» Work request
The result should be the full listing copied exactly, with no pictures in it.

» Data segment
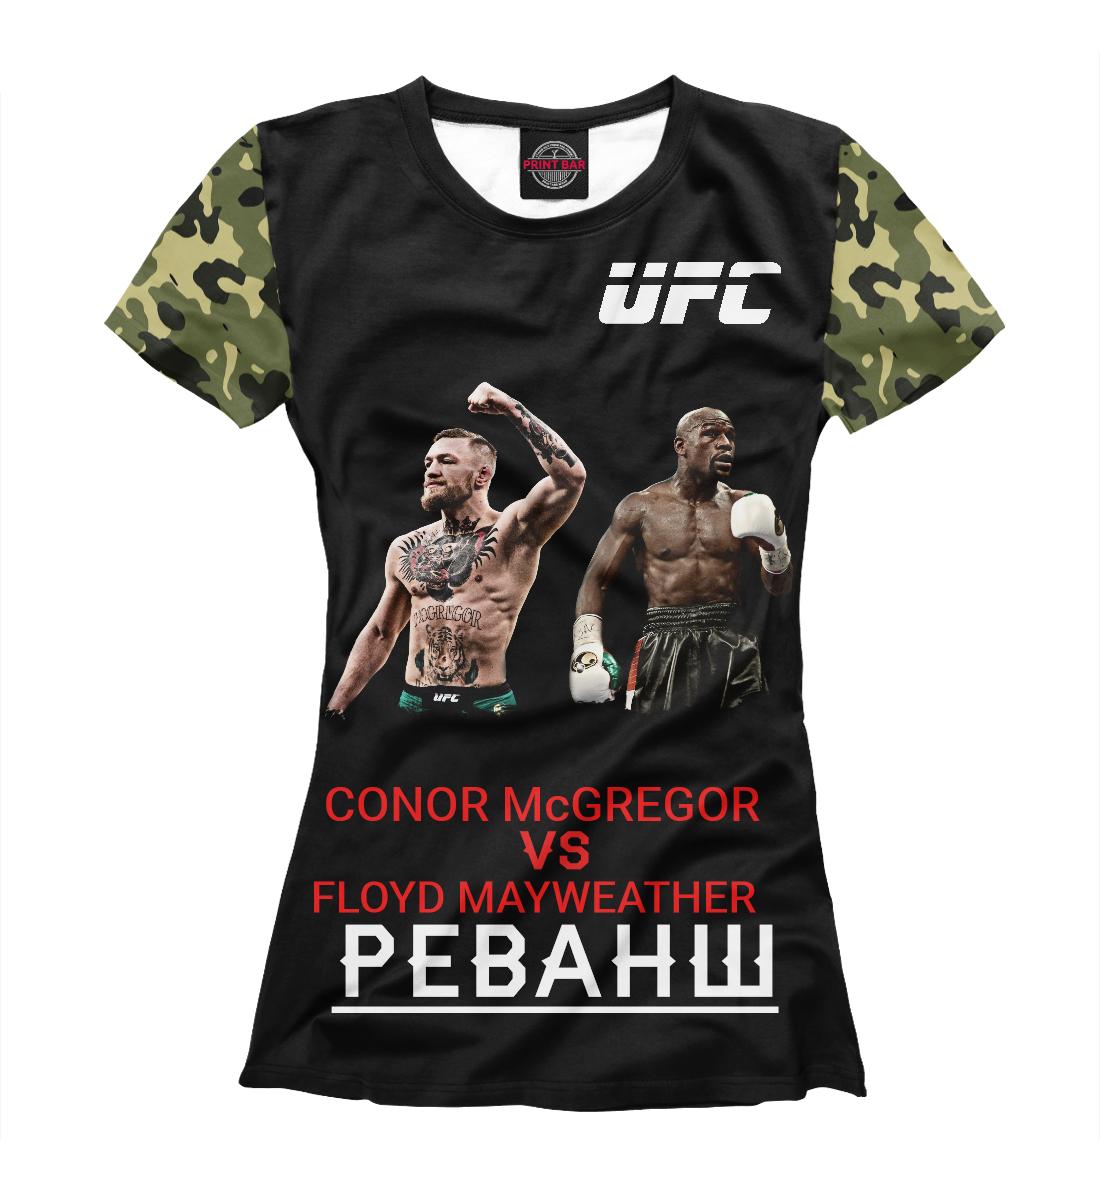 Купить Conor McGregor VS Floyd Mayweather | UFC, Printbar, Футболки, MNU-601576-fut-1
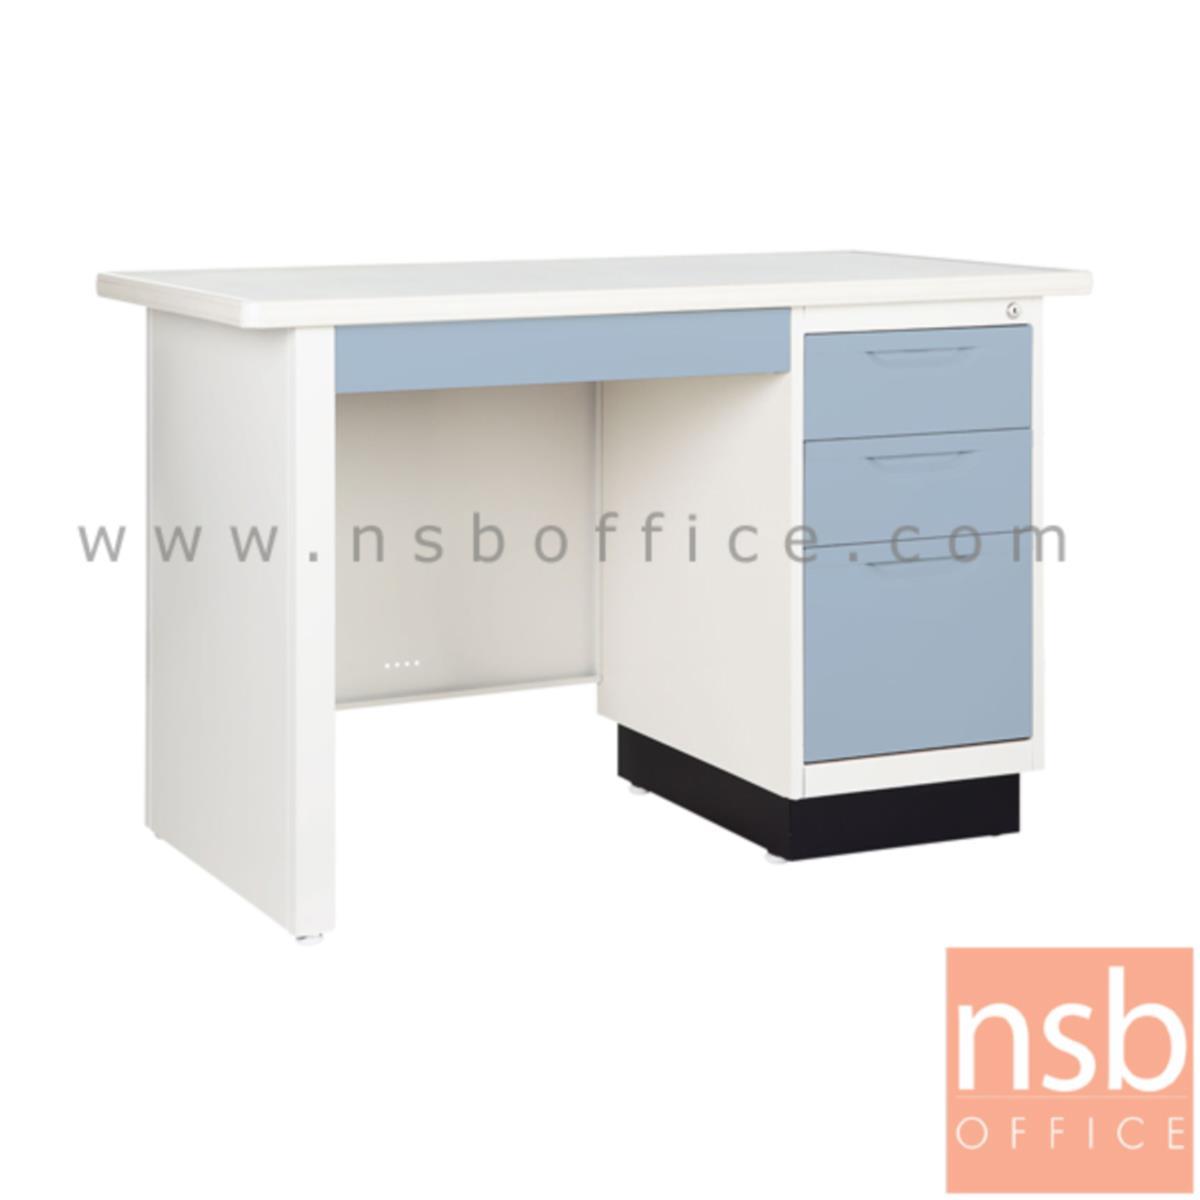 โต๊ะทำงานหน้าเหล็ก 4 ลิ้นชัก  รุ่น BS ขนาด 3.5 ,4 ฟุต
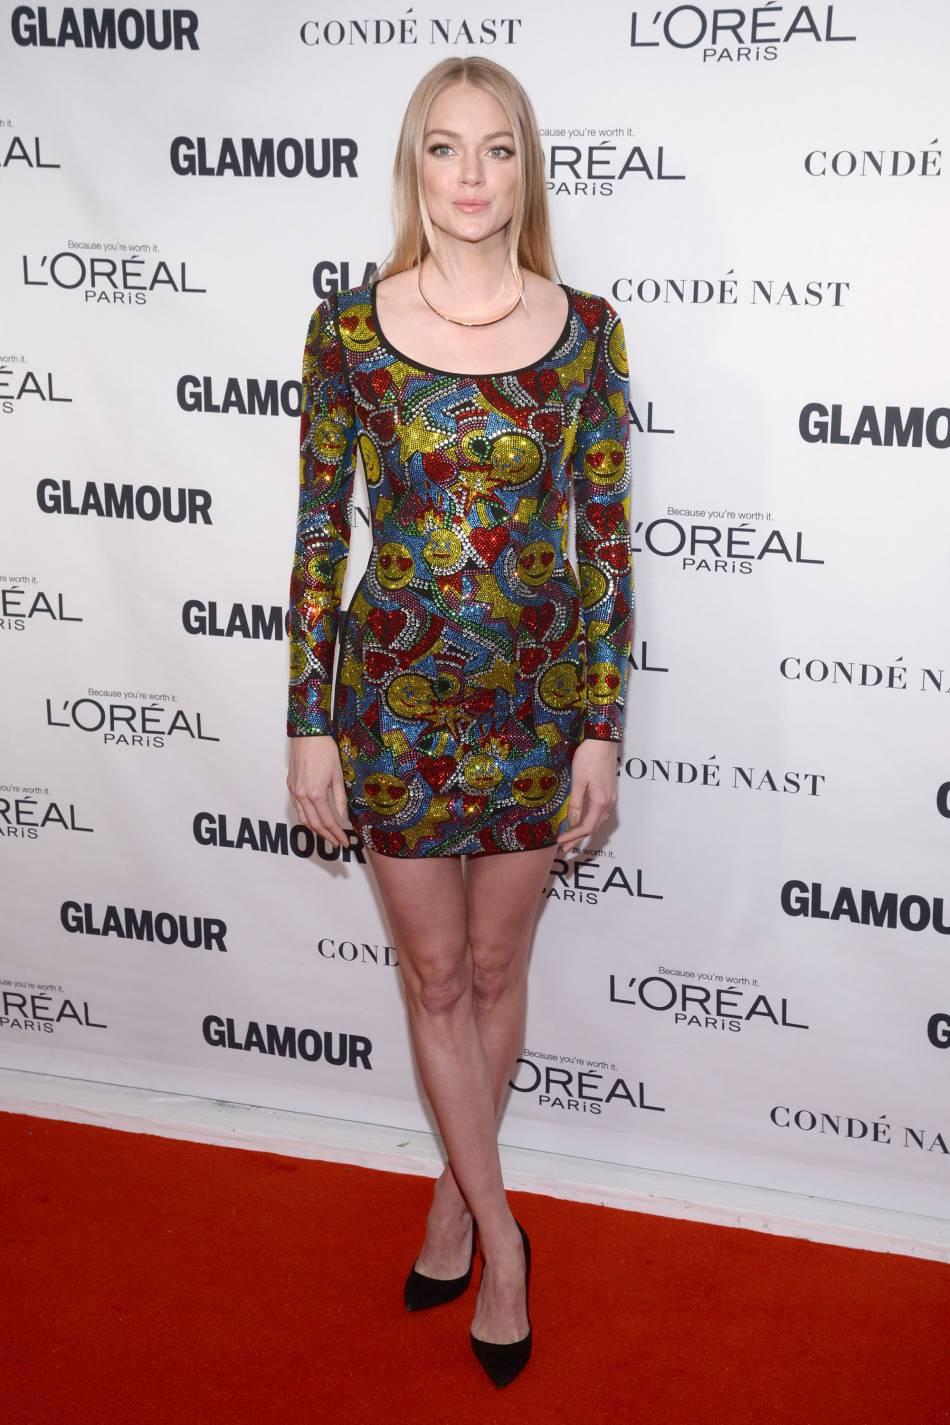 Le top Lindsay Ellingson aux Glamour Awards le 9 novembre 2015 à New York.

» Solution to this problem
 Купить Conor McGregor VS Floyd Mayweather | UFC, Printbar, Футболки, MNU-601576-fut-1
 โต๊ะทำงานหน้าเหล็ก 4 ลิ้นชัก  รุ่น BS ขนาด 3.5 ,4 ฟุต
 Le top Lindsay Ellingson aux Glamour Awards le 9 novembre 2015 à New York.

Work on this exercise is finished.